As was typical, the speech went through multiple drafts. Ms. Rice's office sent us a new version, and the next day I wrote Mr. Rumsfeld another set of comments – without great hope of persuading the speechwriting team. The speech's centerpiece, once again, was the set of steps "to help Iraq achieve democracy." One line in particular asserted that we went to Iraq "to make them free." I dissented:
- "This mixes up our current important goal (i.e., getting Iraq on the path to democratic government) with the strategic rationale for the war, which was to end the danger that Saddam might provide biological or [other] weapons of mass destruction to terrorists for use against us."
- "There is a widespread misconception that the war's rationale was the existence of Iraqi WMD stockpiles. This allows critics to say that our failure to find such stockpiles undermines that rationale."
- "If the President ignores this altogether and then implies that the war's rationale was not the terrorism/state sponsorship/WMD nexus but rather democracy for Iraqis, the critics may say that he is changing the subject or rewriting history."
Again, I proposed that the president distinguish between achieving our primary goal in Iraq – eliminating a security threat – and aiming for the over-and-above goal of democracy promotion, which may not be readily achievable.
Mr. Bush gave his speech at the Army War College on May 24, as Iraq was entering into the last month of its 14-month occupation by the U.S. The president declared: "I sent American troops to Iraq to defend our security, not to stay as an occupying power.
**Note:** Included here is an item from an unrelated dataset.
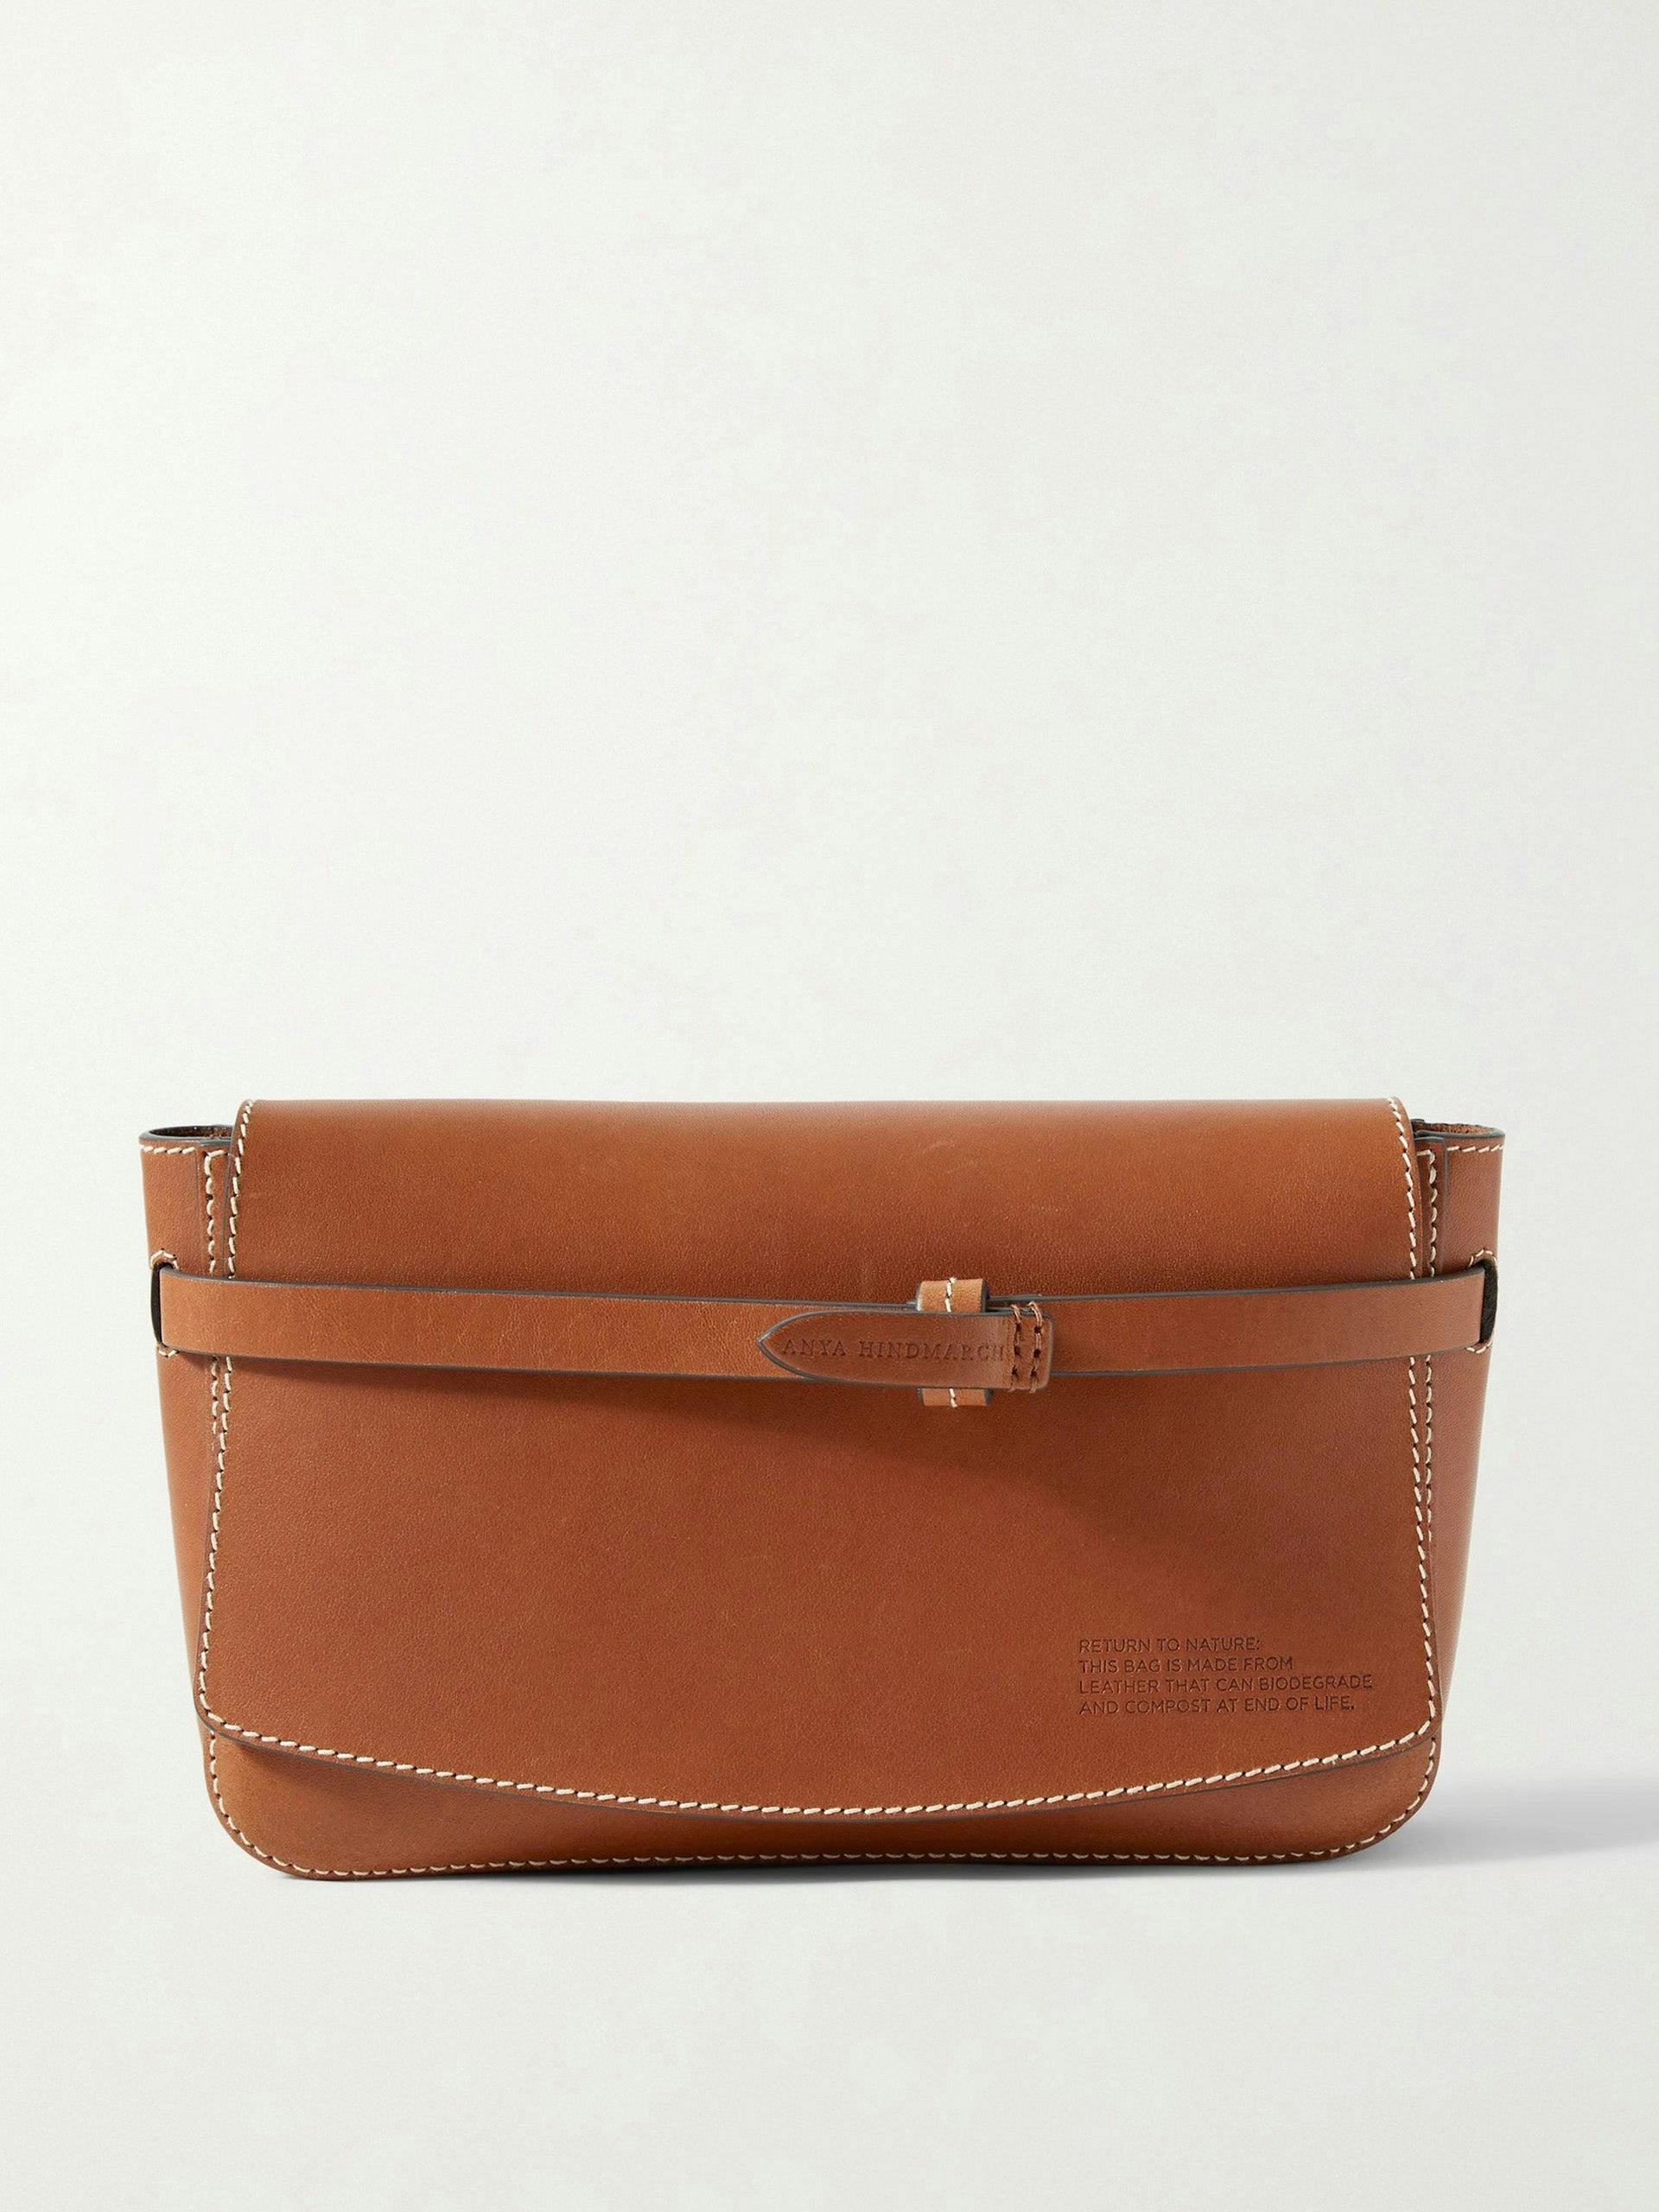 Return to Nature leather clutch

I sent American troops to Iraq to make its people free, not to make them American. Iraqis will write their own history, and find their own way."
I had hoped the president would explain why sending American troops to Iraq had helped defend our security, but he did not. The questionable line about sending those troops to make Iraq's people free had remained in the speech. And it was rather late to be promising the Iraqis that we would not stay as an occupying power but instead let them find their own way.
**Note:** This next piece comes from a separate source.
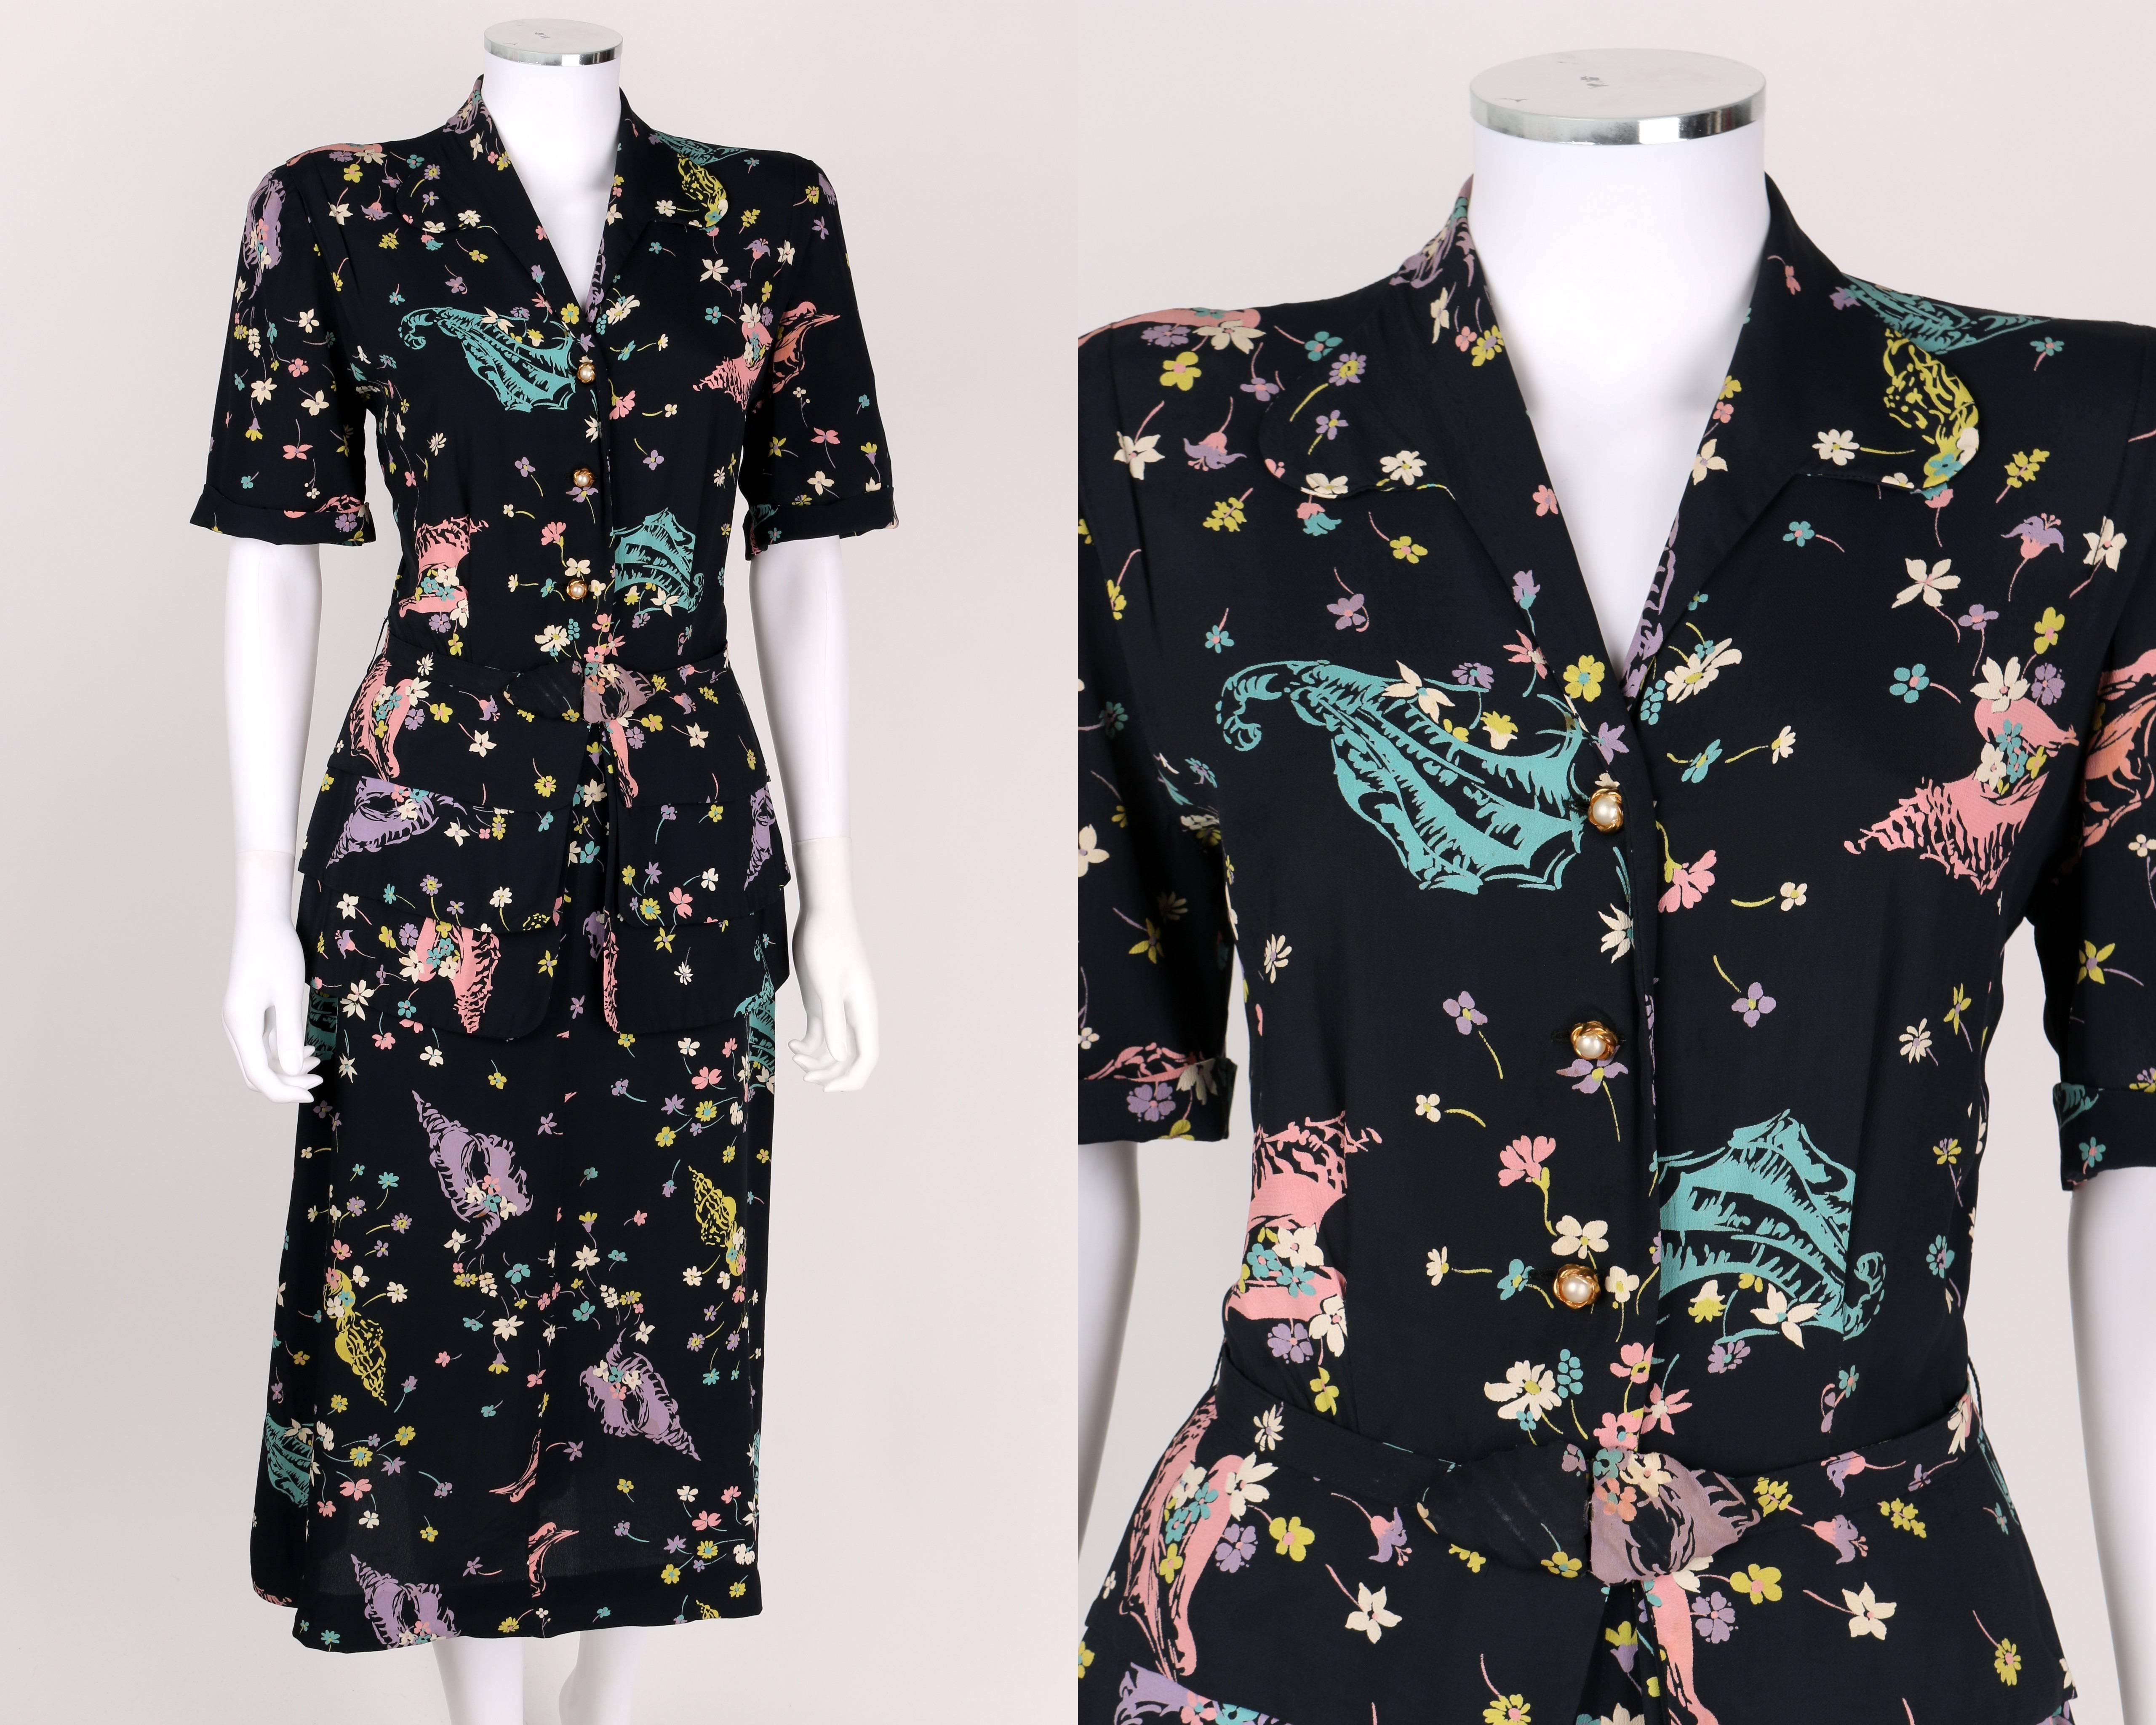 Vintage Georgiana c.1940's Navy blue peplum day dress. Multicolor pastel floral and seashell print on navy blue rayon crepe. Short sleeves with turned up cuff. Rounded lapel collar. Three center front button closures. Gold toned and pearl floral

The president had chosen to talk almost exclusively about Iraq's future. His political opponents noticed that if they talked about the past – about prewar intelligence and prewar planning for the war and the aftermath – no one in the White House communications effort would contradict them. Opponents could say anything about the prewar period – misstating Saddam's record, the administration's record or their own – and their statements would go uncorrected. This was a big incentive for them to recriminate about the administration's prewar work, and congressional Democrats have pressed for one retrospective investigation after another.
But the most damaging effect of this communications strategy was that it changed the definition of success. Before the war, administration officials said that success would mean an Iraq that no longer threatened important U.S. interests – that did not support terrorism, aspire to WMD, threaten its neighbors, or conduct mass murder. But from the fall of 2003 on, the president defined success as stable democracy in Iraq.
This was a public affairs decision that has had enormous strategic consequences for American support for the war. The new formula fails to connect the Iraq war directly to U.S. interests. It causes many Americans to question why we should be investing so much blood and treasure for Iraqis. And many Americans doubt that the new aim is realistic – that stable democracy can be achieved in Iraq in the foreseeable future.
To fight a long war, the president has to ensure he can preserve public and congressional support for the effort. It is not an overstatement to say that the president's shift in rhetoric nearly cost the U.S. the war. Victory or defeat can hinge on the president's words as much as on the military plans of his generals or the actions of their troops on the ground.